If you are soon to retire, you’re probably seeking some financial guidance in advance to plan for downsizing and reducing your expenses. As you get closer to your retirement date, you’ll find some of your priorities changing and you’ll need your finances to mirror these adjustments.
The greatest fear for most retirees is not being able to finance their current lifestyle once they have retired.
If retirement is a must, regardless of the amount of savings you have stashed away, there are nonetheless some actions that you can take to manage your retirement income more effectively and acquire some peace of mind so you can enjoy your well-deserved rest from the workforce.
If you plan on retiring in less than five years, you need to know if your savings and pension are adequate. If you are not on track, you will need to increase your current income and savings or eliminate some expenses now.
You may decide to work longer, invest more aggressively, or save more money. However, by cutting costs you may be able to manage a lower monthly income with less of a problem.
Think about downsizing your current auto. If your car is new, consider paying it off before retirement to eliminate a monthly payment. For auto replacement, consider a reliable used vehicle.
Gas expenses can be reduced by using an app to compare local gas prices and getting cash back on fill-ups. GetUpside is one example, or you can look for a credit card that offers benefits specifically for gas purchases.
Reduce the cost of your auto insurance. Every six months, shop around for car insurance when rates can change. Consider occasional driver insurance if you plan on driving less. Look for senior citizen discounted options and consider changing providers if you can get a better premium rate.
If you have a mortgage, pay it off before you retire. That’s one less monthly payment to worry about. Consider selling your home and choosing a smaller one. You may be able to pay off your mortgage and still pay the entire cost of a smaller, less costly home. You can also attempt to refinance your mortgage for a lower interest rate
If you have high-interest debt such as with credit cards, get that paid off before retiring. However, don’t use your retirement savings to do so.
By withdrawing a significant amount from your retirement account, your income tax may increase to the point that any savings from eliminating high-interest debt will be paid to Uncle Sam as taxes.
Another way to cut costs is by using a best balance transfer card that may offer you a 12 to 18-month interruption in interest if you transfer your debt to a card like this. Use the saved interest to pay down the principal.

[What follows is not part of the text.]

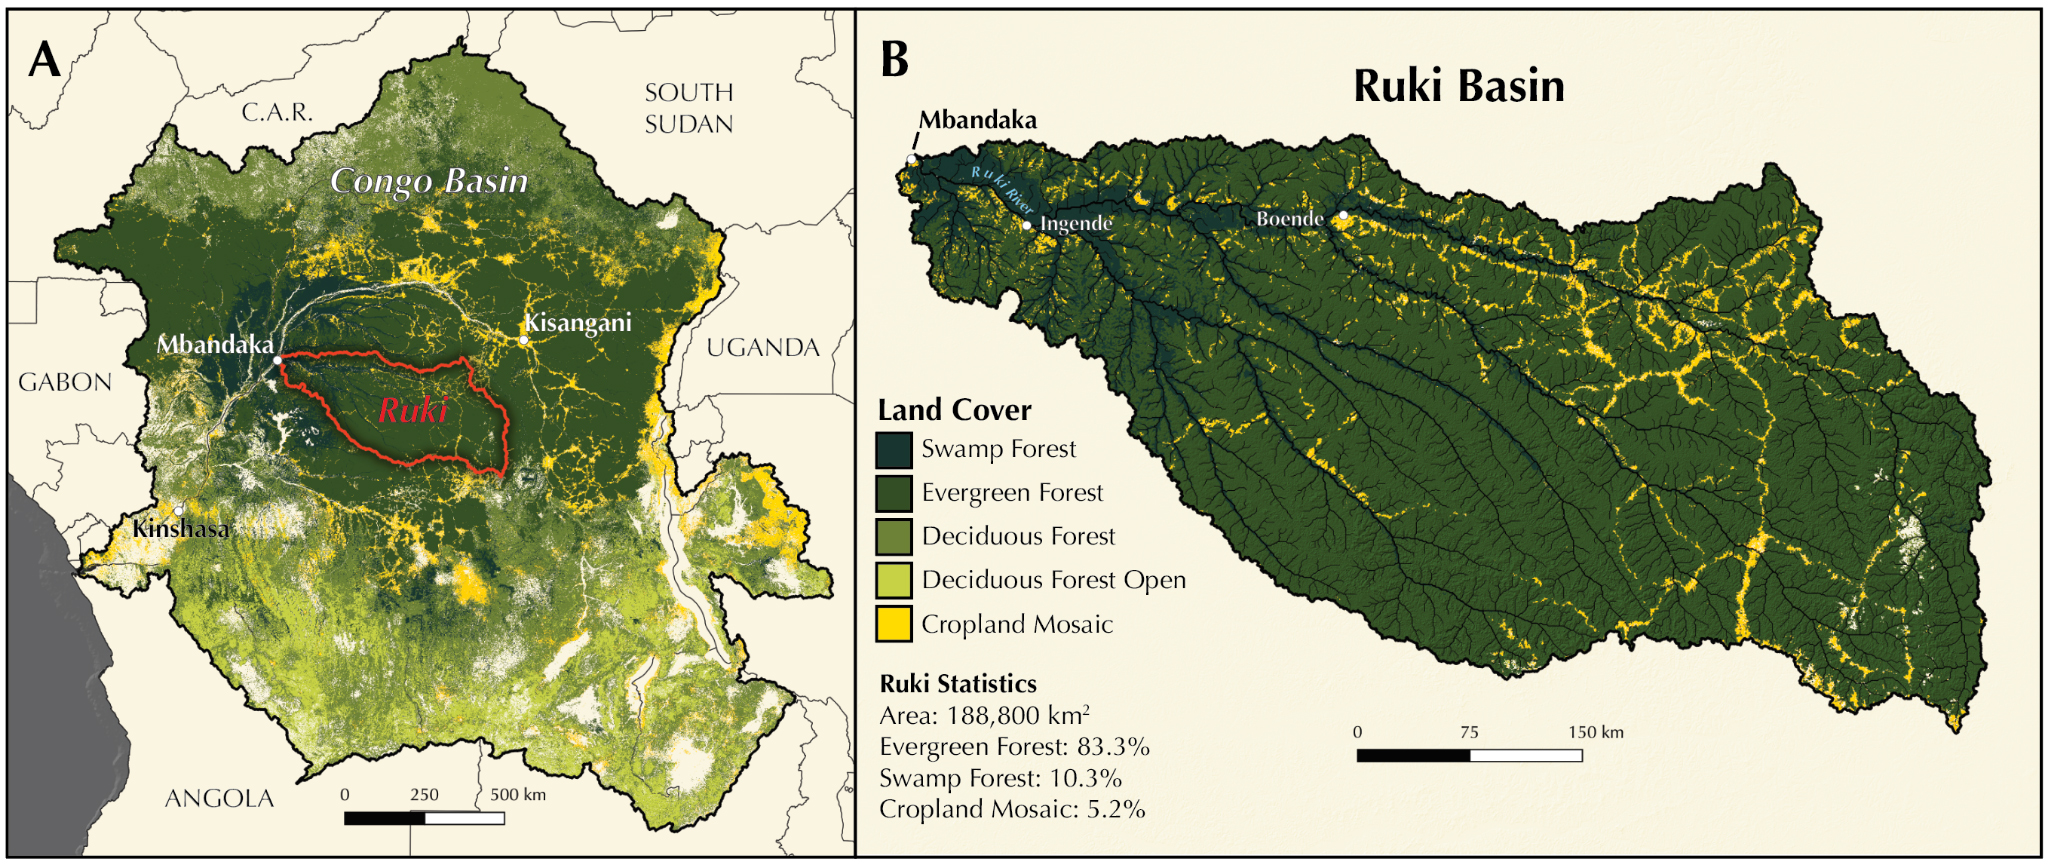 Vergr?sserte Ansicht: Karte, welche das Ruki-Becken in der Demokratischen Republik Kongo zeigt (links) und Karte, die die Ruki Basin zeigt (rechts)

While health insurance and long-term care insurance will remain a necessity, you may want to look for savings if you have life insurance or home insurance. You may not need the same amount of coverage.
Save with energy-efficient appliances, low-flow toilets, or home improvements that add value to your property while saving you money on utilities.
Apart from clipping coupons, find a grocery rewards app that will offer cashback for using a specific credit card or for scanning receipts. Some credit cards offer as much as 6% for grocery purchases. Buy bulk for non-perishable items and look for sales.
Look for cashback apps that aren’t limited to groceries, so that every time you shop, you earn. Choose the app with the highest return or that offers convenient gift cards. Always look for senior discounts!
To reduce the price of your internet service, shop around. Then call your provider and tell them you want to switch because you’ve found a better price. You should get an offer for a better rate.
If you use streaming services, try to arrange a group plan with family members or friends and share an account. And if you pay with the right credit card, you may get cashback for streaming services as well.
Consider a group plan with other family members to lower costs. Check to see if you’re paying extra for data usage, and if so, sign on for an unlimited plan, then use apps like Whatsapp, Skype, Facetime, or any number of internet-based apps for video calls. If you can reduce data use and opt for a limited plan, you’ll save money monthly.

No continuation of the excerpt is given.